▶ Exercise data
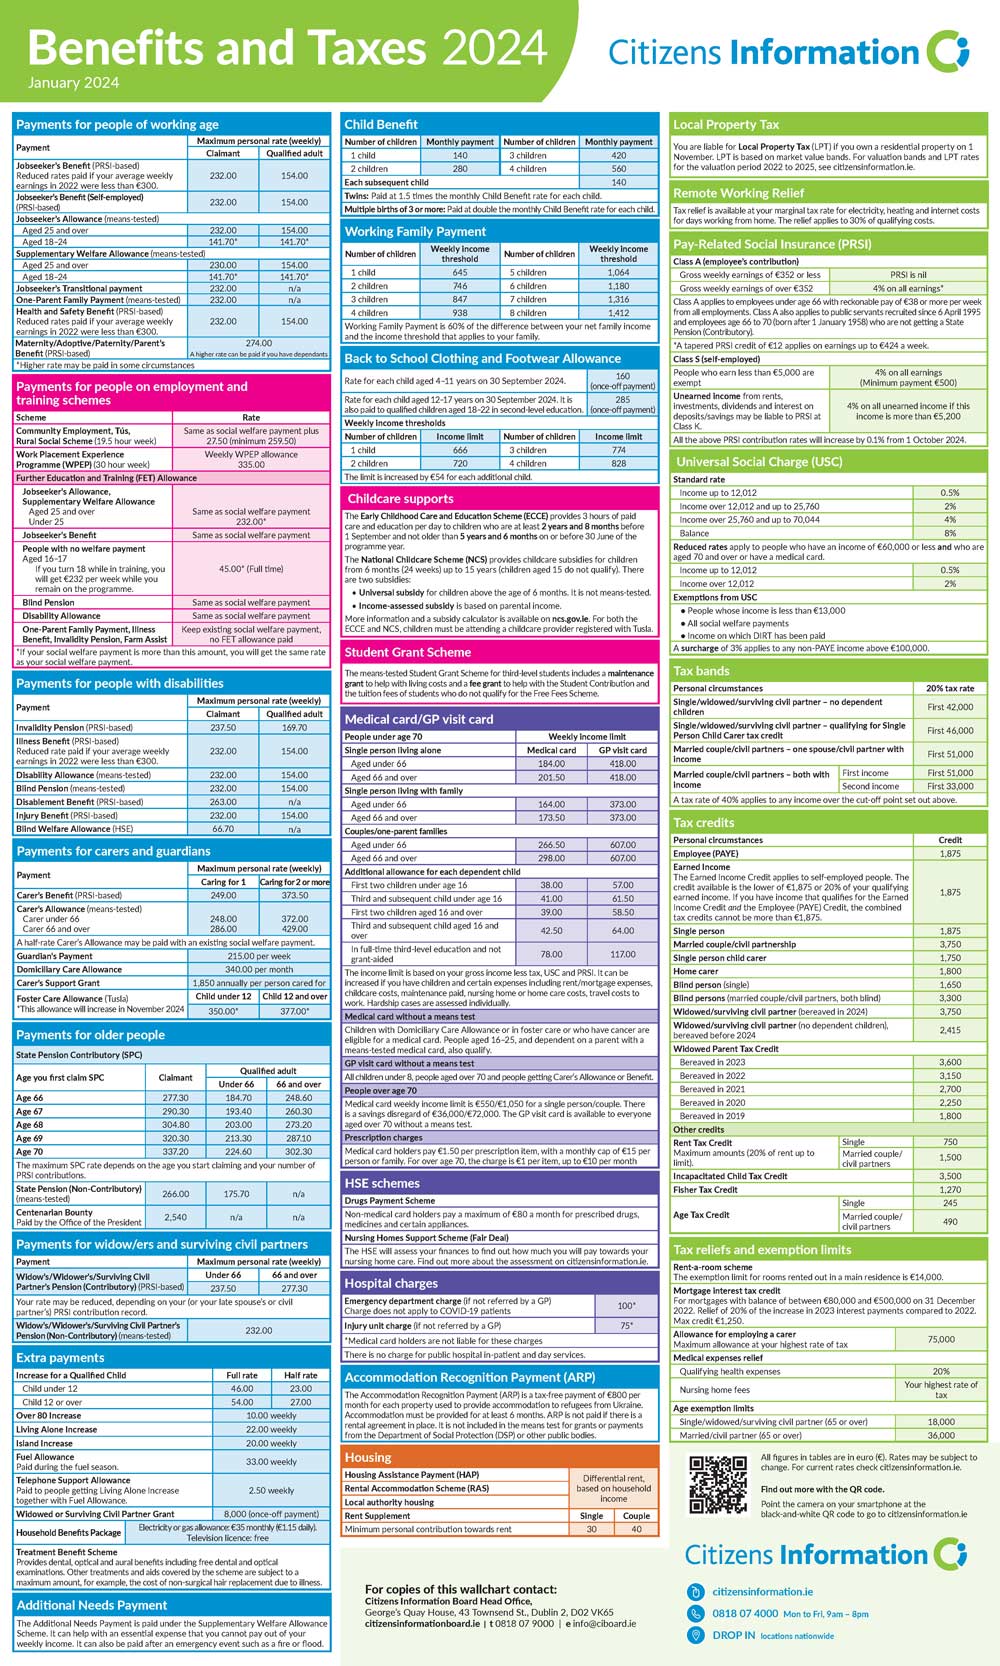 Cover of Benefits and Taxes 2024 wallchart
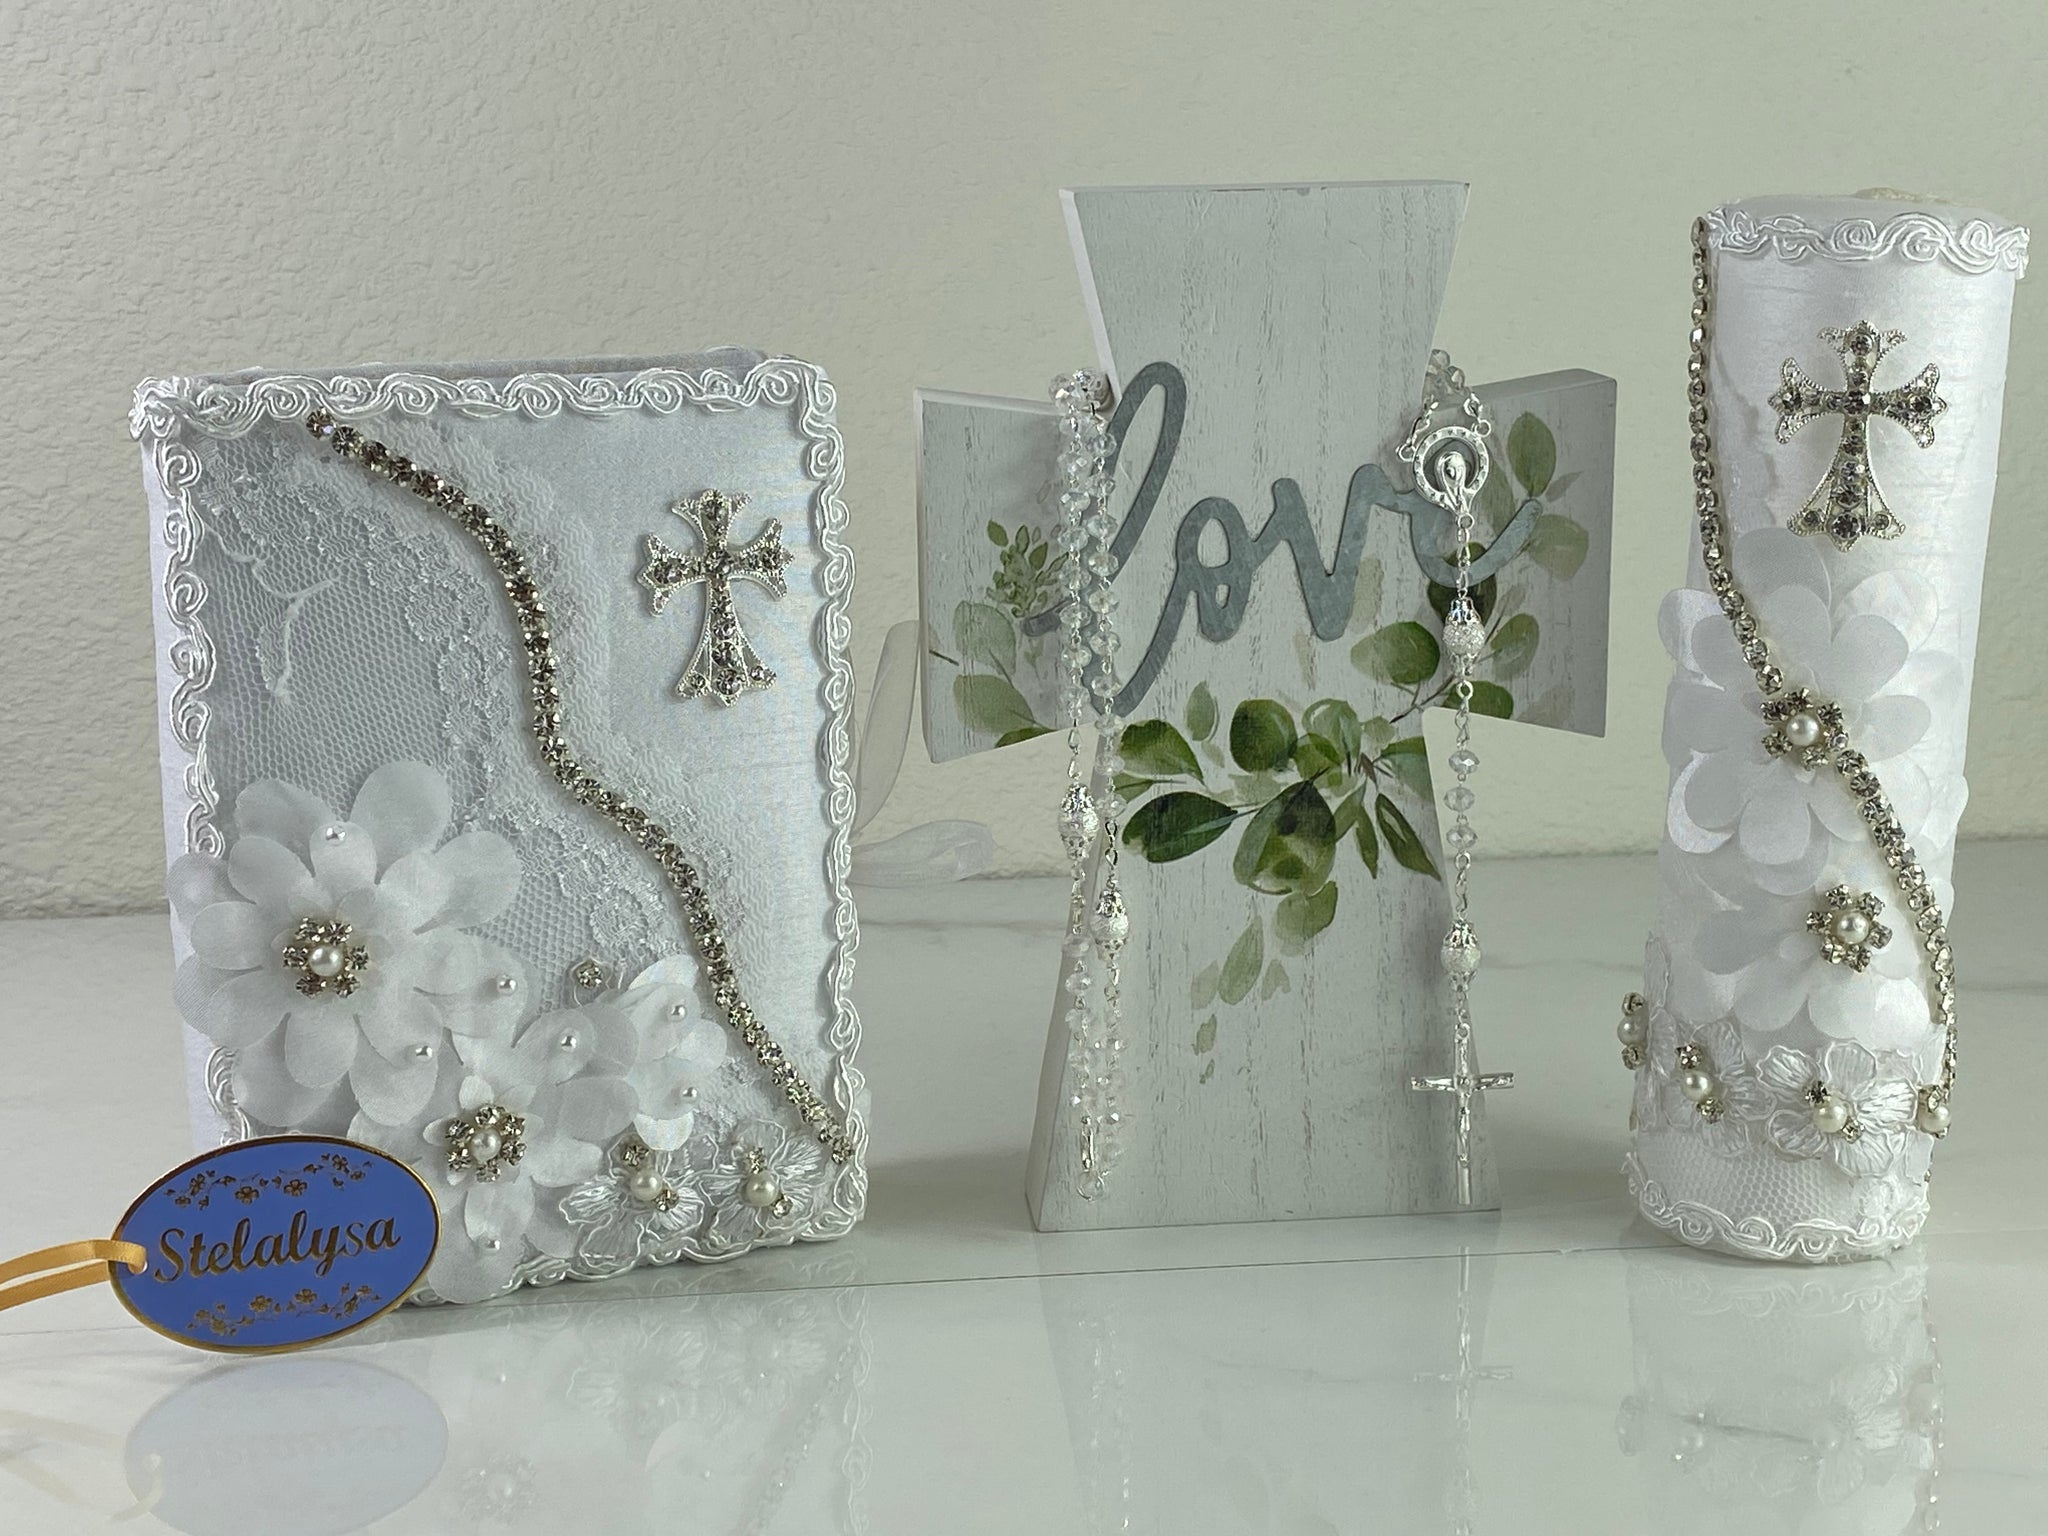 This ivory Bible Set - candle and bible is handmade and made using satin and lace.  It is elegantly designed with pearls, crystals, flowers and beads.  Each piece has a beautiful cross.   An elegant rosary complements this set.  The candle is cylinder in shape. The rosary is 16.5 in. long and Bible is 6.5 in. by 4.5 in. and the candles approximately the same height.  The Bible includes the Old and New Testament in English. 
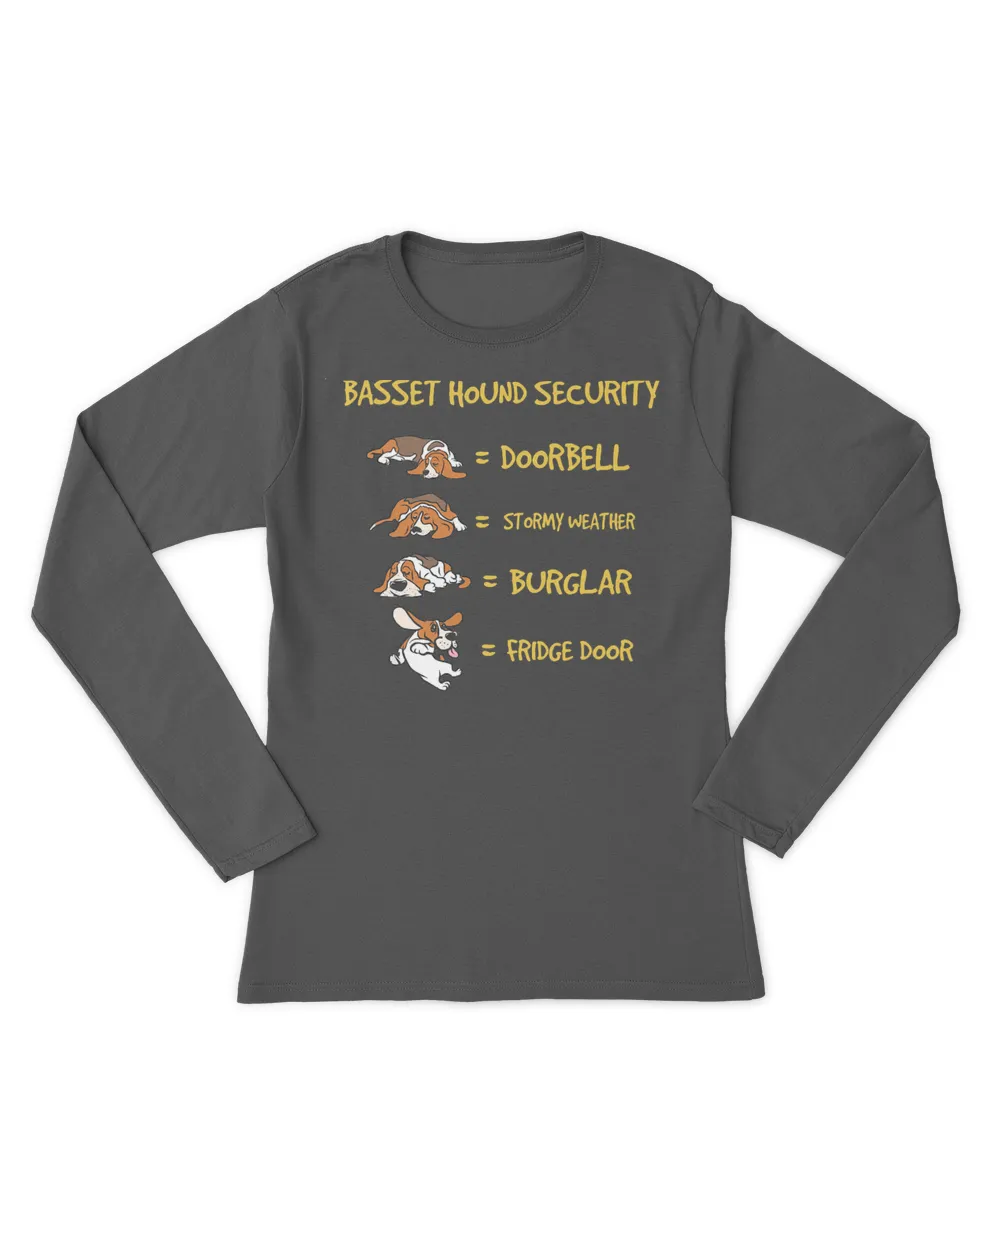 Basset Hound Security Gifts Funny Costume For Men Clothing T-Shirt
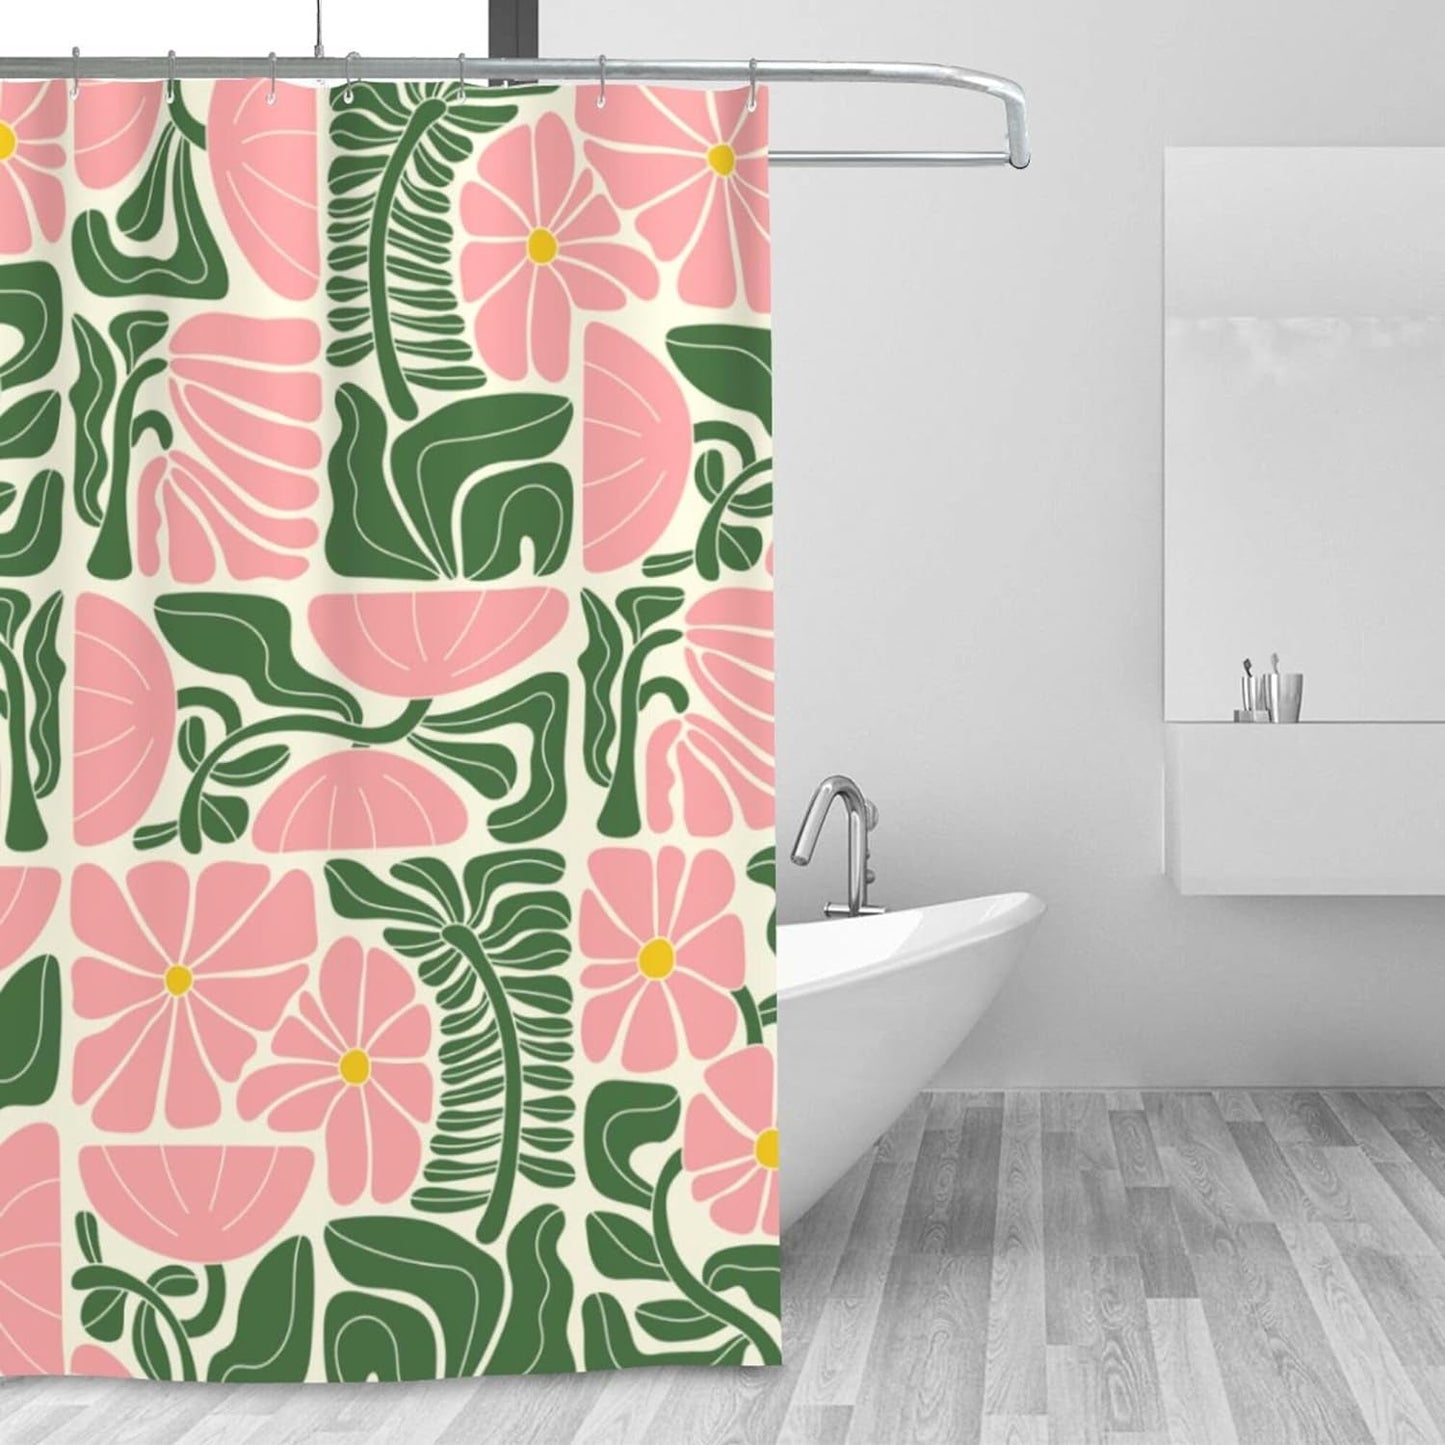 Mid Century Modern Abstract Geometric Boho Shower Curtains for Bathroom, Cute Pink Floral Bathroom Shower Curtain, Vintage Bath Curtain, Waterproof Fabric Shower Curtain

▶ Work required
The data above, line by line: transcribe it exactly and drop the pictures.

▶ Task solution
 Cover of Benefits and Taxes 2024 wallchart
 This ivory Bible Set - candle and bible is handmade and made using satin and lace.  It is elegantly designed with pearls, crystals, flowers and beads.  Each piece has a beautiful cross.   An elegant rosary complements this set.  The candle is cylinder in shape. The rosary is 16.5 in. long and Bible is 6.5 in. by 4.5 in. and the candles approximately the same height.  The Bible includes the Old and New Testament in English. 
 Basset Hound Security Gifts Funny Costume For Men Clothing T-Shirt
 Mid Century Modern Abstract Geometric Boho Shower Curtains for Bathroom, Cute Pink Floral Bathroom Shower Curtain, Vintage Bath Curtain, Waterproof Fabric Shower Curtain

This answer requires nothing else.